Relief hit me straight in the chest.

“Good,” I breathed. “Where’s Charleigh?”

“I had a friend come and pick her up and take her home to shower and change,” he said. “A nurse gave her a set of scrubs, but she looked like she’d just run a marathon in blood. She needed to get cleaned up, and she wouldn’t leave. So I had a friend take her.”

“She’s not going to be happy with you about that,” I pointed out.

Charleigh was the most fiercely independent person that I knew. She had a chip on her shoulder a mile wide, and I was afraid that Creed had just dug his own grave.

He scoffed. “Tell me something I don’t know.”

Well, if he knew, then there was no reason for me to remind him.

I worried my bottom lip with my top teeth before saying, “Why do you care?”

He jerked back as if he hadn’t been expecting the question to come out of my mouth.

He opened his mouth, then closed it.

Taking a seat on my bed, I had to resist the urge to lean into him as he stared at me intently.

“My sister is my world.”

I swallowed hard past the lump in my throat.

“When I was a kid, like I’m talking a baby myself, my little sister was born. She was this incredible, perfect little human being that my mother had in the bathtub in our single-wide trailer. Within an hour of giving birth to her, my mother placed Bernice in my hands and said, ‘Take care of your sister. I have to go get some smokes.’” He studied his hands. “I was seven.”

I inhaled.

“From that moment on, Bernice was mine. I raised her. From the age of seven. She was mine to take care of. Mine to protect. And I had to do that a lot. I missed more school than I made for two years after Bernice was born. Then Mom cleaned herself up for a couple of years, and everything was great. Then she got back into drugs and alcohol, her boyfriend decided she wasn’t worth the trouble, and then I was back to taking care of her. I dropped her off at her first day of school. I picked her up from class every day until she turned twelve and asked to walk herself home. Then one day after I turned eighteen, I took the measly savings I’d managed to gather up over working odd jobs, and I moved out with Bernice. Into a one-bedroom apartment over a barn. That’s where we lived for a year and a half until my mother found us. She was pissed as fuck because I’d changed the address to where her social security checks and our food stamps were coming. I’d been forging her name on them for a solid eighteen months, and she was pissed as hell.”

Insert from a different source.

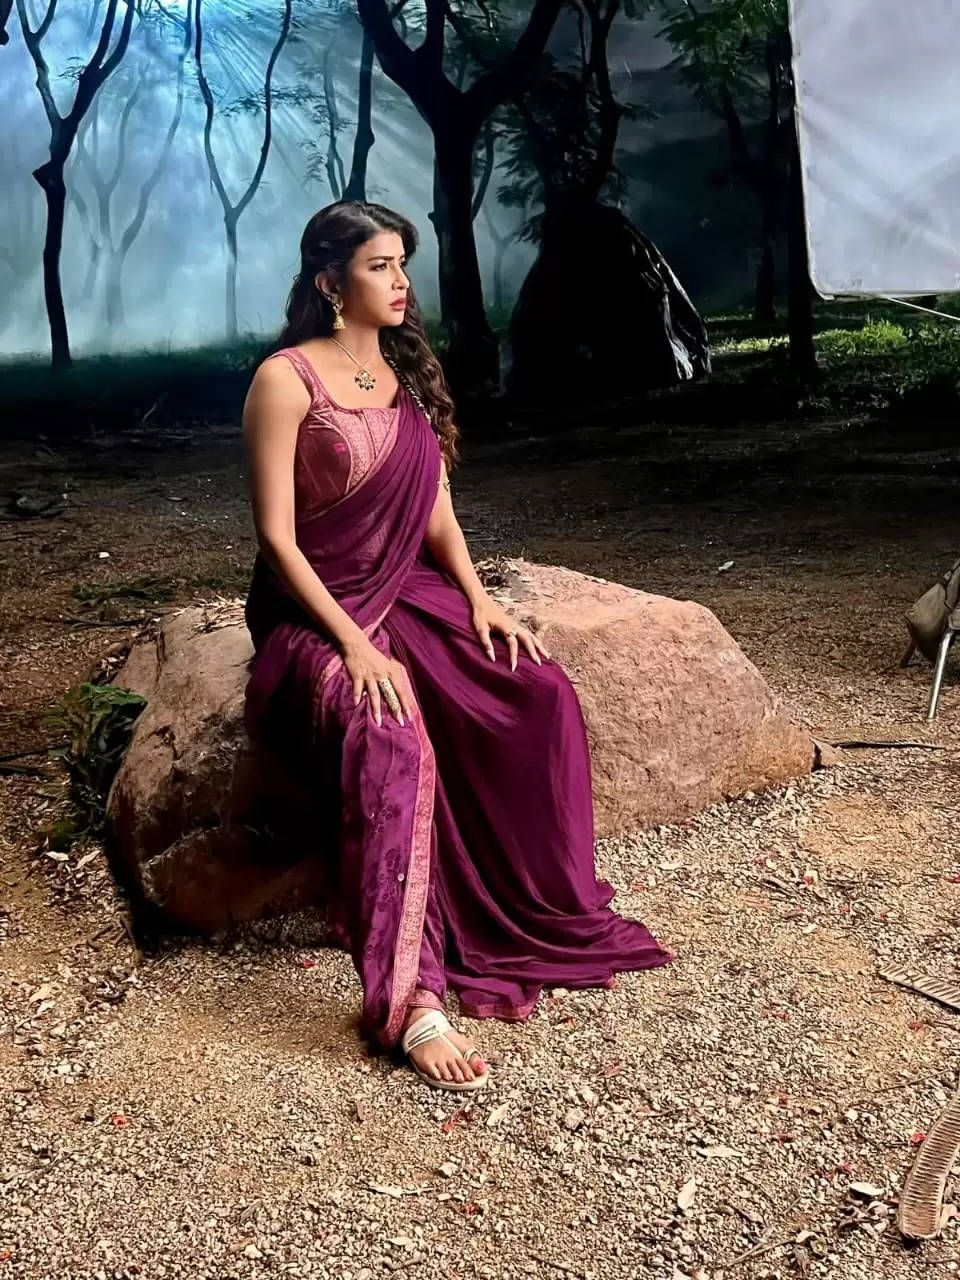 अभिनेत्री लक्ष्मी मांचू ने डिज्नी प्लस हॉटस्टार पर अपनी आगामी वेब श्रृंखला 'यक्षिणी' पर खुलकर बात की, प्रशंसकों के लिए आगे क्या होने वाला है इसकी झलक साझा की

I had a feeling I knew where this was going.

Bernice had told me enough that I could put together the pieces that he hadn’t said yet.

I lifted my bad hand and placed it on his thigh. “Don’t say anything here.”

I gestured with my head at the flimsy curtains separating us from the rest of the very large room.

I could hear nurses talking just beyond the curtain, and it didn’t matter how quietly he was speaking. I didn’t want him to chance it.

“Bernice told me,” I whispered. “Don’t say it again.”

He ground his teeth together for a few seconds before he gritted out, “I can’t say that I reacted the best that I could have.”